You can do that by converting the text dd-MM-yy into a DateTime using an appropriate CultureInfo, it is then easy to write out the date in yyyy-MM-dd format.

using System;
using System.Globalization;
using System.IO;
using System.Text.RegularExpressions;

namespace ConsoleApplication1
{
    class Program
    {
        static void Main(string[] args)
        {

            string inFile = @"C:\temp\sampledata.txt";
            string outFile = @"C:\temp\sampledata.csv";

            //<one> catpures the date data:
            Regex re = new Regex(@"(?<one>[0-9]{2}-[0-9]{2}-[0-9]{2})\s{1,20}114B\s{1,15}(?<two>\d{1,11})\s{1,15}(?<three>\d{1,11})\s{1,15}(?<four>\d{1,11})\s{1,30}(?<five>\d{1,11})");

            using (var sr = new StreamReader(inFile))
            {
                using (var sw = new StreamWriter(outFile))
                {
                    string line1;
                    DateTime dt;
                    var ci = new CultureInfo("ur-PK");
                    while (!sr.EndOfStream)
                    {
                        line1 = sr.ReadLine();
                        MatchCollection matches = re.Matches(line1);
                        foreach (Match m in matches)
                        {
                            dt = DateTime.Parse(m.Groups["one"].Value, ci);
                            sw.Write(dt.ToString("yyyy-MM-dd") + ",");
                            sw.Write(m.Groups["two"].Value + ",");
                            sw.Write(m.Groups["three"].Value + ",");
                            sw.Write(m.Groups["four"].Value + ",");
                            sw.Write(m.Groups["five"].Value + Environment.NewLine);
                        }
                    }
                }
            }
        }
    }
}

I used "ur-PK" as you mentioned that your input file date format is what is used in India and Pakistan, but there are several -IN codes to choose from and I do not know if one of them could be incorrect for your use.

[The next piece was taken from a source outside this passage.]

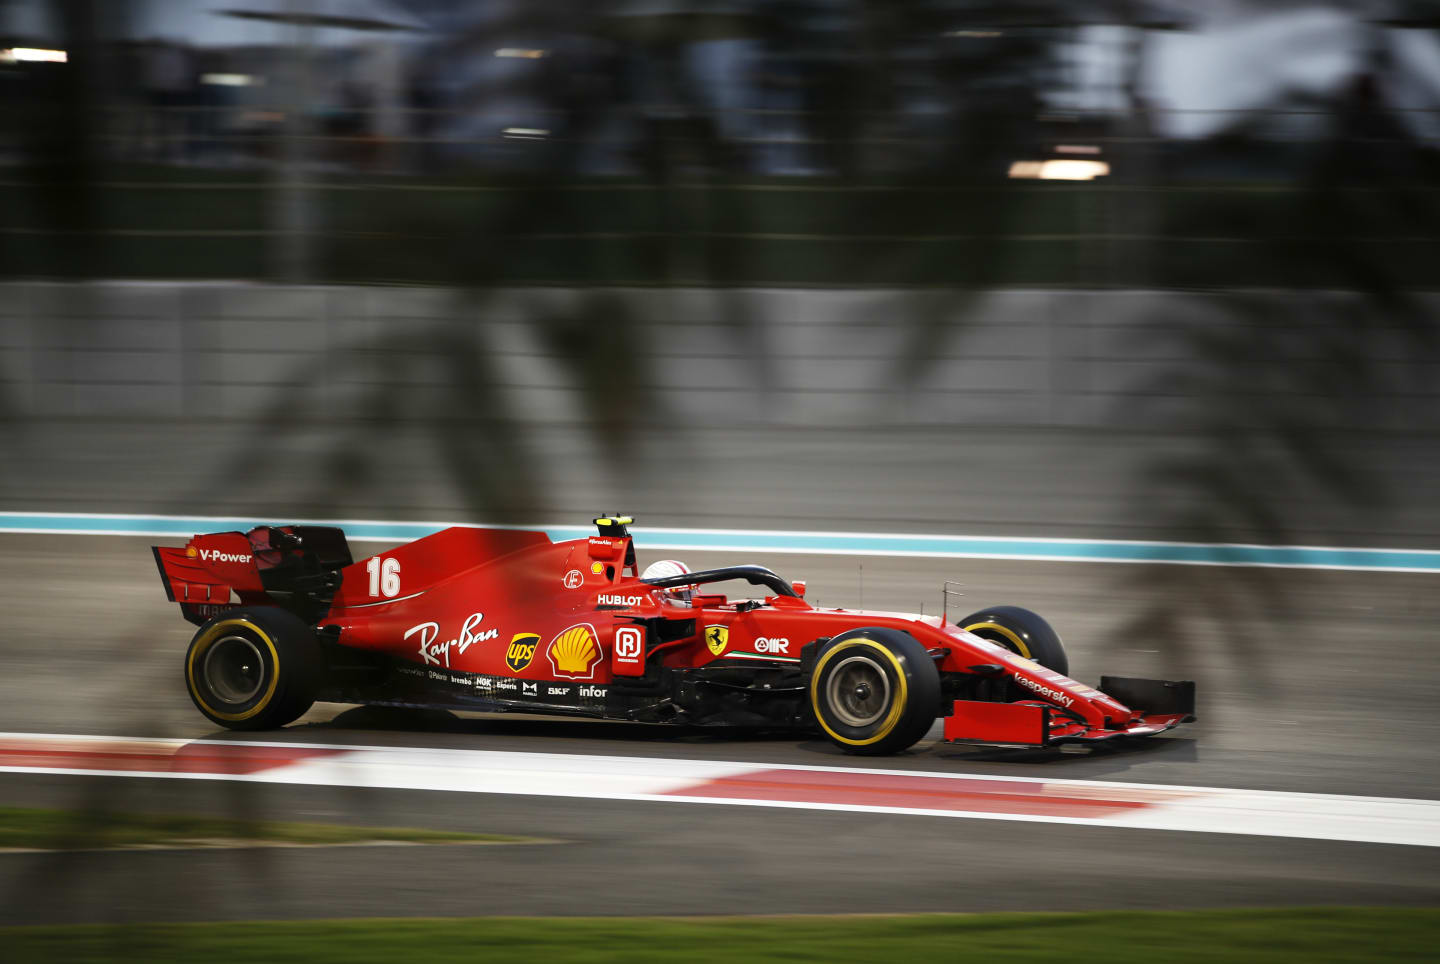 ABU DHABI, UNITED ARAB EMIRATES - DECEMBER 13: Charles Leclerc of Monaco driving the (16) Scuderia Ferrari SF1000 during the F1 Grand Prix of Abu Dhabi at Yas Marina Circuit on December 13, 2020 in Abu Dhabi, United Arab Emirates. (Photo by Hamad I Mohammed - Pool/Getty Images)

Output using the sample data you showed:

2012-04-12,0,0,0,0
2012-04-12,0,0,0,0
2012-04-12,0,0,0,0
2012-04-12,0,0,0,0
2012-04-12,0,0,0,0
2012-04-12,0,0,0,0
2012-04-12,5467,757488,846815,0
2012-04-13,0,0,0,0
2012-04-13,0,0,0,0
2012-04-20,0,0,500,0
2012-04-21,1740,17905,17900,0
2012-04-21,0,0,0,0
2012-04-24,1466,31666,31420,0

When you open the csv file in Excel, it should recognise "2012-04-12" etc. as dates regardless of the Windows date format settings. I do not have Excel to test with.

It should then display the dates in the Windows short date format setting.